DIRECTIONS FOR THIS TASK >>
Transcribe the closing lines of the listing exactly, starting at the one that contains "Women's Fitted Eco T-Shirt" and including the last.
▼
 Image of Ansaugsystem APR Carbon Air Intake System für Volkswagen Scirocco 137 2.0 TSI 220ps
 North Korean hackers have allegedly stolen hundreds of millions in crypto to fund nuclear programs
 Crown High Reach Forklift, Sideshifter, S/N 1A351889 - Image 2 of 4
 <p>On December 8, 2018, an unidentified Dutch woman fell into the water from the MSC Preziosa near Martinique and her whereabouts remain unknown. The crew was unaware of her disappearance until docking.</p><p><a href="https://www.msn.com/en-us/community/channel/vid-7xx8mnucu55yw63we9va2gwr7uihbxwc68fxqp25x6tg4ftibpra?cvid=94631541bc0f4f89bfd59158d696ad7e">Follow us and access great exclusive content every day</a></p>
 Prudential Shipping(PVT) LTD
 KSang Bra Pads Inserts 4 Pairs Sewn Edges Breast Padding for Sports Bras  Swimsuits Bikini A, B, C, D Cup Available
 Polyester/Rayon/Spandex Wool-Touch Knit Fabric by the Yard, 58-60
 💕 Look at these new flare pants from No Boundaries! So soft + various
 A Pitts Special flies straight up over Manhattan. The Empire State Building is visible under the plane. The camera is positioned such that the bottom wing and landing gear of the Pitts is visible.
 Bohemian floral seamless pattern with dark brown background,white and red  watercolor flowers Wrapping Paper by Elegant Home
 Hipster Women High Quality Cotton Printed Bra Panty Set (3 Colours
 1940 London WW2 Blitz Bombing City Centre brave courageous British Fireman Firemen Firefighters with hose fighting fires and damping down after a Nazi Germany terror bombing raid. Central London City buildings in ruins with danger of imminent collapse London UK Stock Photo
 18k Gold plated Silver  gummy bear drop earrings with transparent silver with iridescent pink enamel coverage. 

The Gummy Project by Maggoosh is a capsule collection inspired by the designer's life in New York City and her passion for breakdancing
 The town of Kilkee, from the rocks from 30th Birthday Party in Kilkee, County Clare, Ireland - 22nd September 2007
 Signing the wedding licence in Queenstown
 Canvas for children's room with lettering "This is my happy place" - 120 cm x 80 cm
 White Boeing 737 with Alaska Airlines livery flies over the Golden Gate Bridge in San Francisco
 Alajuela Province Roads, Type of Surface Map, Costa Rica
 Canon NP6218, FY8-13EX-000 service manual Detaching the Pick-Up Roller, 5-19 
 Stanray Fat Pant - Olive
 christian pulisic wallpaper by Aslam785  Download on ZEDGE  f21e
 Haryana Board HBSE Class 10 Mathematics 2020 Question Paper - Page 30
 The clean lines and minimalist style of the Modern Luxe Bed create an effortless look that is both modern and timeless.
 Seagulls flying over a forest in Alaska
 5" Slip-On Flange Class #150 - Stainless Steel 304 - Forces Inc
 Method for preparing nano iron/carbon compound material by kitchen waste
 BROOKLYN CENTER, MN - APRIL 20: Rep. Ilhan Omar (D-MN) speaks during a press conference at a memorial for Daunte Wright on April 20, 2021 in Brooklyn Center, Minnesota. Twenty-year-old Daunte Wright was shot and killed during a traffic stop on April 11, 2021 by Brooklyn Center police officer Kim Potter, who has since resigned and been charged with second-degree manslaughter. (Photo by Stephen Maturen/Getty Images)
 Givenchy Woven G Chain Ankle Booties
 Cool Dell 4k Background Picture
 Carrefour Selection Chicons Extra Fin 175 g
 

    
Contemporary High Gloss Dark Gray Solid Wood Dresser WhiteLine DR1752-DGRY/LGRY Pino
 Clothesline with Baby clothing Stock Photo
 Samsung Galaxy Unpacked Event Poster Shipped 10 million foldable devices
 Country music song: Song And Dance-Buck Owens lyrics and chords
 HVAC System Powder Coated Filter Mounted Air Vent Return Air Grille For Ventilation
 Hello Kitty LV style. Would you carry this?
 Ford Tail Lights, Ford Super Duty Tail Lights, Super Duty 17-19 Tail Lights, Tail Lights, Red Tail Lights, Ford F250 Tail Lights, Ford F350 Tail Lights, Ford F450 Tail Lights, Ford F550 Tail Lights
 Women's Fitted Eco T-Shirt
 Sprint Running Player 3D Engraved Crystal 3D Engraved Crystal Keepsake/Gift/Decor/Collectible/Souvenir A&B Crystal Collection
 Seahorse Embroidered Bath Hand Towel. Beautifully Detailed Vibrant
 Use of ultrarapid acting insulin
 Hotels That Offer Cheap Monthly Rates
▲
RESULT OF THE TASK >>
 Women's Fitted Eco T-Shirt
 Sprint Running Player 3D Engraved Crystal 3D Engraved Crystal Keepsake/Gift/Decor/Collectible/Souvenir A&B Crystal Collection
 Seahorse Embroidered Bath Hand Towel. Beautifully Detailed Vibrant
 Use of ultrarapid acting insulin
 Hotels That Offer Cheap Monthly Rates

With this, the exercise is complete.